Recovery, Not Maintenance: Why CORE Is Opioid Free


Recovery, Not Maintenance: Why CORE Is Opioid Free

Over the past decade, the treatment of opioid addiction using methadone and buprenorphine has expanded rapidly across America. As overdose deaths surged, particularly with fentanyl saturating illicit drug supplies, policymakers have adopted a clear priority: to keep people alive. In response, treatment strategies increasingly emphasize immediate mortality reduction over longer-term recovery models.

Using opioids to treat individuals addicted to opioids, known as Medication Assisted Treatment, or MAT, has become a multibillion-dollar industry, funded largely by the federal government.

From the perspective of an addict, the appeal of MAT is easy to understand. Prescribed opioids prevent withdrawal, which is terrifying, and eliminate the constant fear of becoming sick. MAT feels safer than street drugs, especially when one bad batch can be fatal. Drug use sanctioned by a physician also carries a sense of legitimacy and allows life to continue without much disruption. For most, the cost of using is covered entirely by government funding.

Not everyone, however, finds this vision satisfying. There are those who want something more than chemical stability. They want to recover.

This group recognizes that drugs have destroyed their lives. They want to be done with substance use entirely. Their desire is freedom without qualification. Freedom from cognitive dulling, emotional flattening, chronic constipation, gut dysfunction, and sexual dysfunction. Freedom from living dose to dose. Freedom from managing, monitoring, or controlling substance use. Their hope is for a life in which opioids are no longer relevant, where there is no compulsion to use and no daily effort to avoid withdrawal. They are not interested in replacing one opioid with another. They want complete liberation.

In southwest Missouri, the treatment landscape is becoming increasingly crowded with MAT providers. Government funding is frequently conditioned on a favorable disposition toward these prescription opioids.

For individuals seeking freedom, there is CORE. CORE offers the evidence-based Twelve Step model recognized by medical authorities as one of the most effective approaches to achieving sustained abstinence, performing as well as or better than other established treatment models.

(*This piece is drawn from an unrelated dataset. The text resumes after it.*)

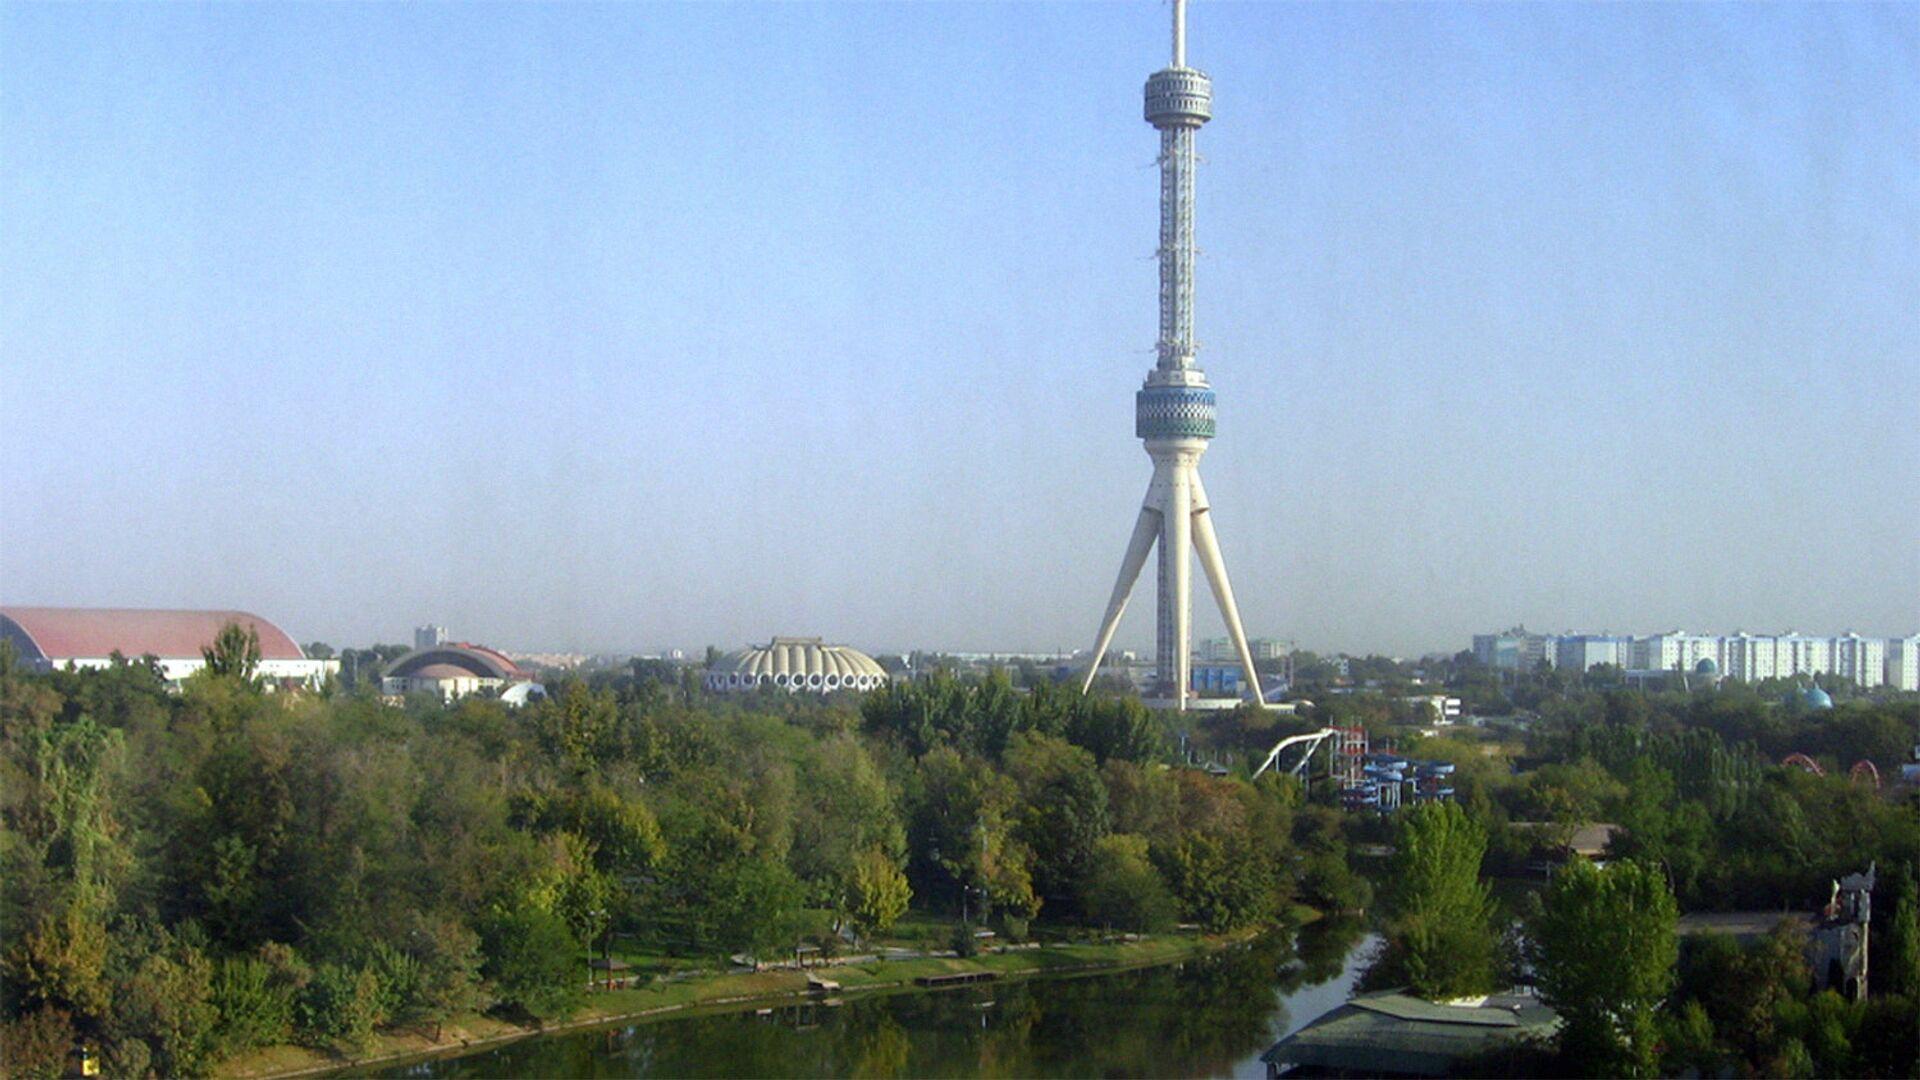 Вид на телебашню в Ташкенте - Sputnik Узбекистан, 1920, 18.09.2021

Because CORE is committed to an evidence-based approach to treatment, we are sometimes asked why our program is still opioid free. Our answer is simple: we are a recovery program. Our work is not limited to harm reduction, which is already well represented by programs that dispense and accommodate opioids. While harm reduction focuses on minimizing damage, recovery goes further. Recovery is about transformation and new life.

There is no freedom in continued drug dependence. Under MAT, a person’s life still revolves around opioids. Decisions are still made about dosing, timing, and access. Legal opioids become the solution to illicit ones. The delivery system may change, but the relationship with drugs does not. The obsession has not been lifted. A chemical is still required to make life tolerable.

Contrast this with CORE, where recovery is real and clients are oriented toward the life they are meant for. Our clients learn to live without any chemical mediation or crutches, making our aim fundamentally different from MAT programs. CORE offers hope grounded in the reality that people do recover, unmedicated, unmanaged, and unafraid. They are no longer chained to drugs.

CORE offers liberation, where clients learn to live happy, joyous, and free without symptom control, risk mitigation, managed dependency, or chemically assisted stability. Recovery means freedom without asterisks. It is peace that does not come from sedation, hope that does not require an opioid prescription, and joy that does not disappear when the supply runs out.

A recovered individual has no need for chemical management. He wakes each morning without a baseline drug requirement. His emotions rise and fall naturally. Joy, grief, excitement, and boredom are all felt as they come. Life is no longer planned around a substance or tethered to a prescriber. There is freedom, and with it, the real world, full of possibility.

CORE is proud to continue its tradition as a recovery program, which remains the only viable approach to attaining an emotionally mature, fully realized life. Knowing freedom ourselves, we cannot in good faith offer a program that revolves around daily opioids. We have experienced the lifting of the obsession, unmediated emotional lives, unqualified peace, and the ability to face each day without substances. Having been blessed with this miracle of recovery ourselves, we will not present anything less to clients looking for real help. Our staff knows all too well the shortcomings of being caged in chemical dependency. We will not romanticize cages in order to obtain government funding.

We recognize that individuals arrive at different points of readiness and with different needs. For some, MAT serves that purpose. We do not seek to prescribe treatment approaches for everyone. CORE exists to provide recovery to those want to live without chemical management, and we are honored to fulfill this role.